For those who haven’t heard about the gorilla named Harambe that was shot ten minutes after a toddler fell into his enclosure at the Cincinnati Zoo around 4 pm on Saturday, May 28, 2016, here is as good a source as any: Gorilla killed after 4-year-old falls into zoo enclosure. Apparently, authorities had both a tranquilizer gun and a rifle at their disposal, and chose the rifle to fatally shoot the gorilla even though the boy hadn’t yet been seriously injured because they were afraid that the tranquilizer wouldn’t act fast enough. They didn’t have to make that call. Here’s a better way.
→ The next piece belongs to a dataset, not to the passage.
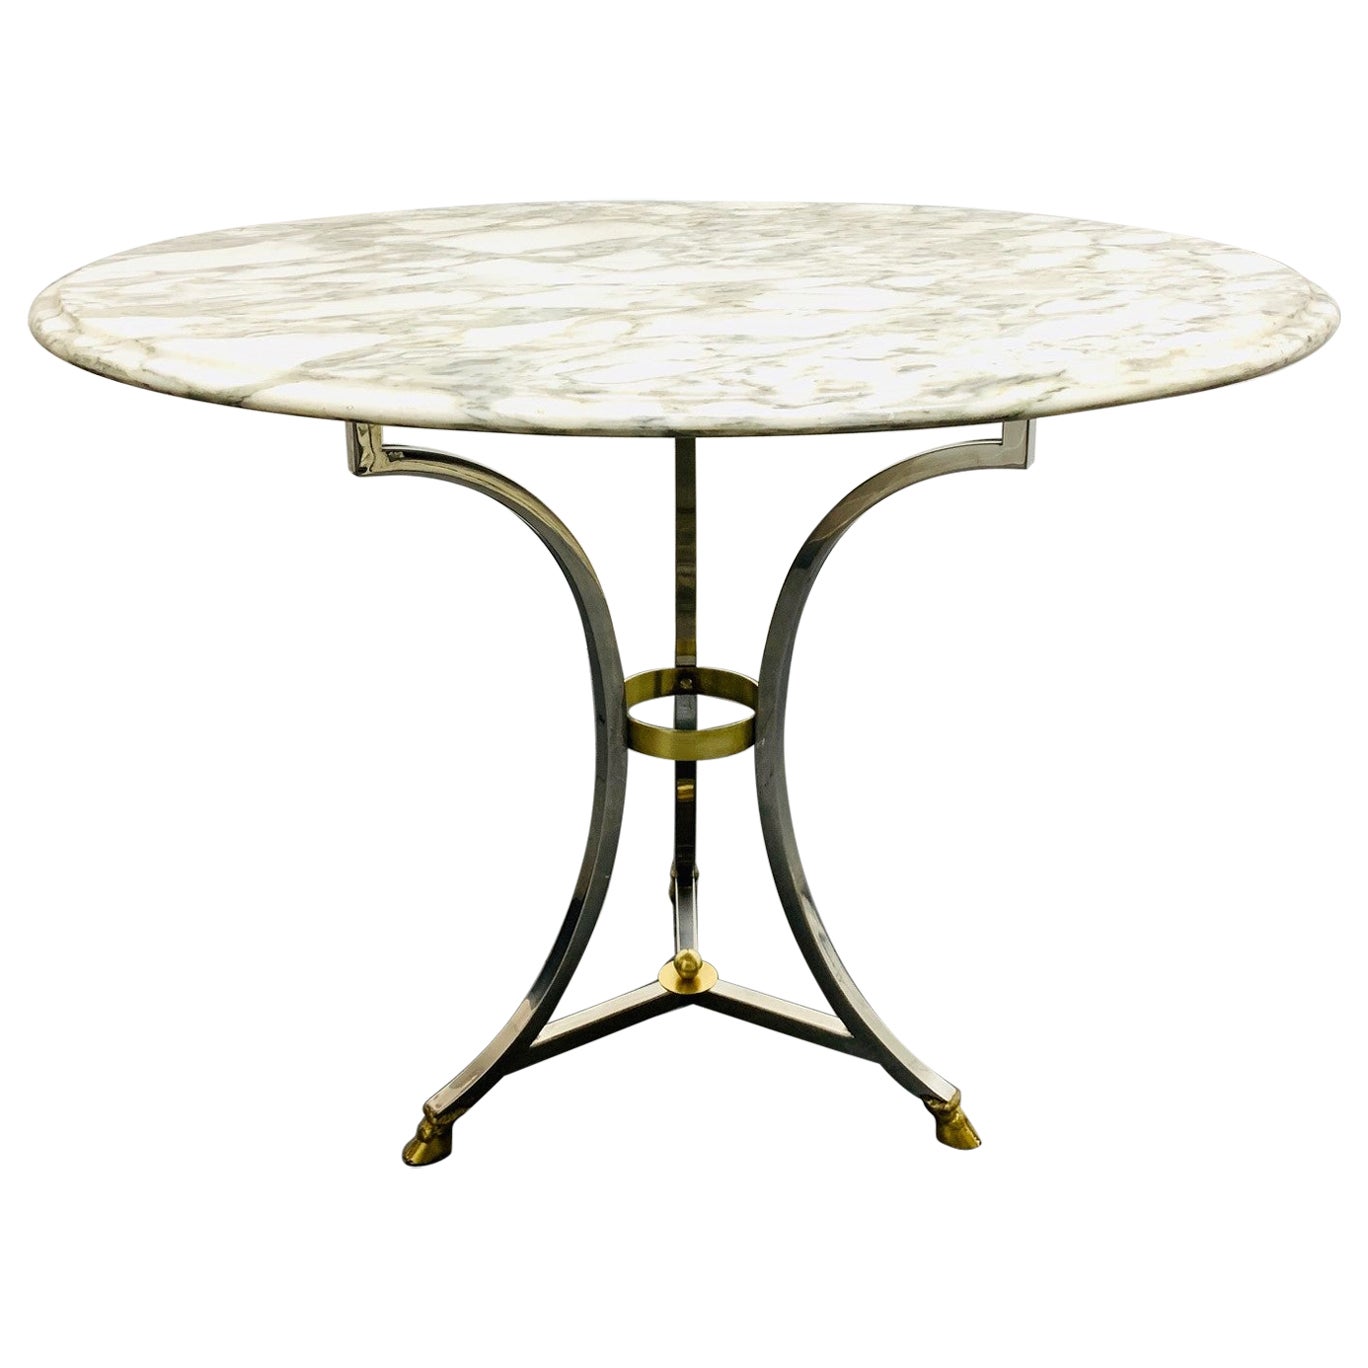 Chrome and Brass Marble-Top Table Style of Maison Jansen
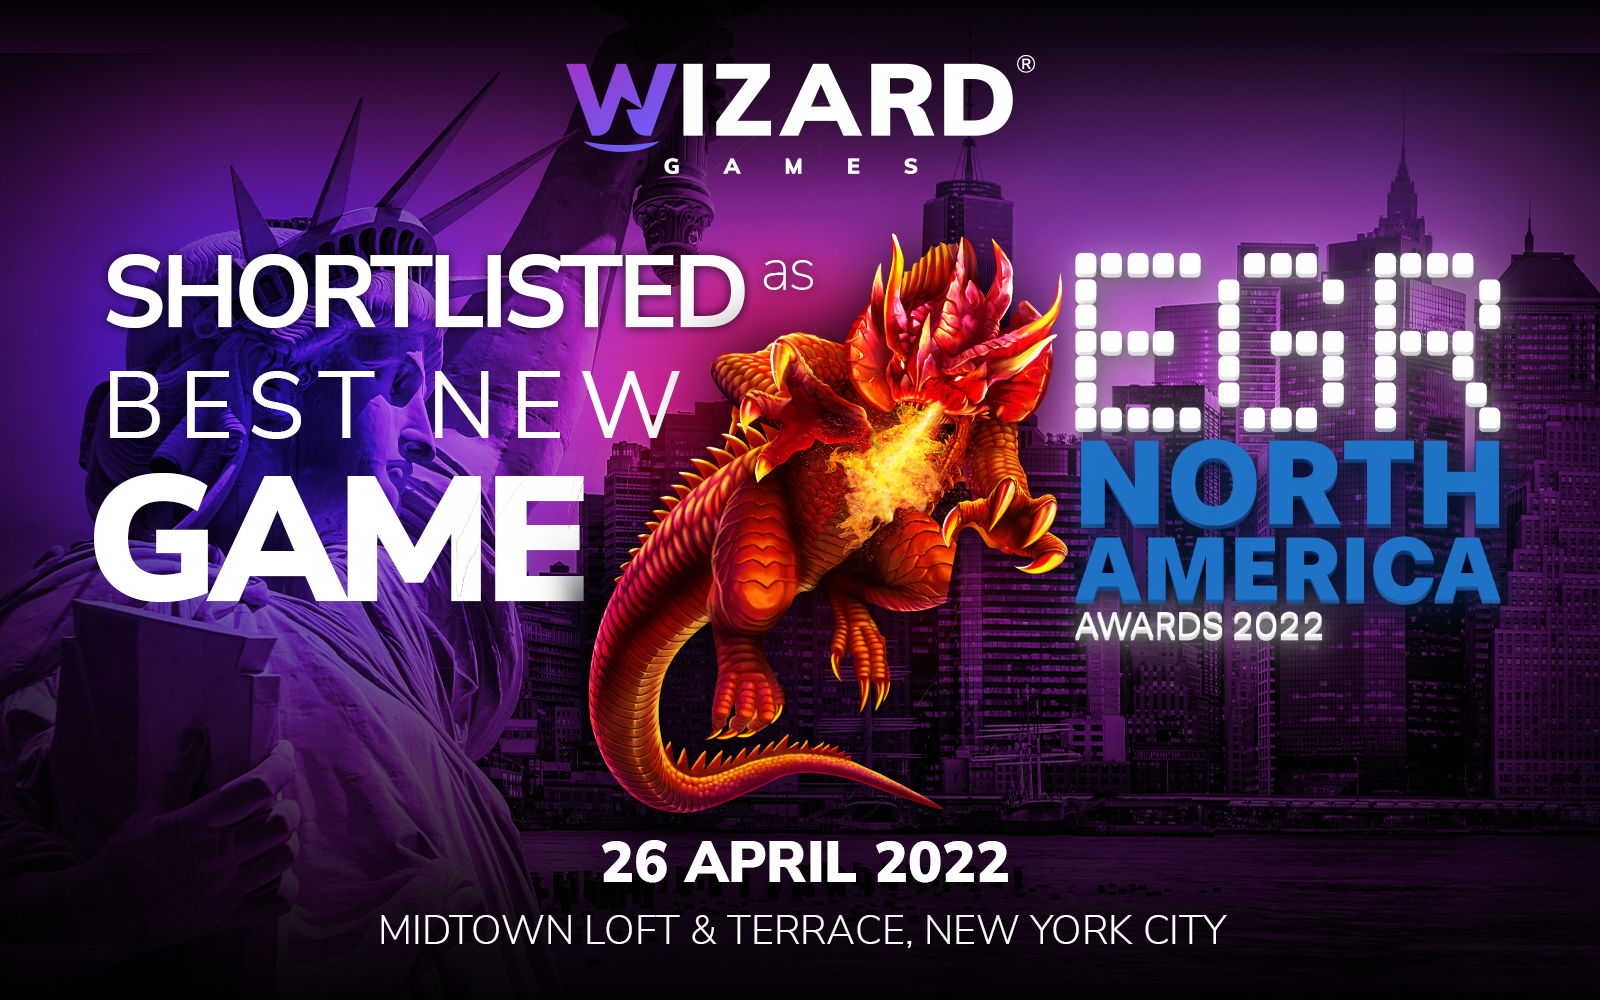 Wizard Games has been shortlisted at EGR North America Awards 2022

Take both the tranquilizer and the rifle. The same person should not operate both.
Have other staff members make themselves immediately ready to rescue the child.
When both weapons are ready, shoot the gorilla with the tranquilizer.
Have the person with the rifle continuously evaluate the threat posed by the gorilla. If bodily harm from the gorilla is not immediately forthcoming, do not shoot.
If the parents get hysterical while you are evaluating the situation and behave in such a way as to adversely affect the behavior of the gorilla or the judgement of the zoo staff, shoot the parents. (So as not to make the same mistake as the Cincinnati Zoo staff did Saturday, I guess I should mention that you could use the tranquilizer gun for this if you had the forethought to bring the correct dose – even though at this point it wouldn’t be my weapon of choice. If you don’t have the correct dose, just pray that the staff isn’t acting under the same level of panic or incompetence as they exhibited with Harambe.)
Rescue the child as soon as practicable.
Although (admittedly based on limited information) I did not think the boy was in danger, and not all witnesses in Cincinnati felt the dangerA, those opinions don’t matter to the success of this plan. Since using the tranquilizer doesn’t prevent the use of the rifle, this plan could not have turned out worse for the child than the plan executed, and most likely would have turned out much better for all concerned. The zoo simply threw away options prematurely based solely on their worse fears instead of facts – that sounds like panic to me, and it sounds very unprofessional. If you feel differently, feel free to comment. If you see a reason that this plan would not work, feel free to comment.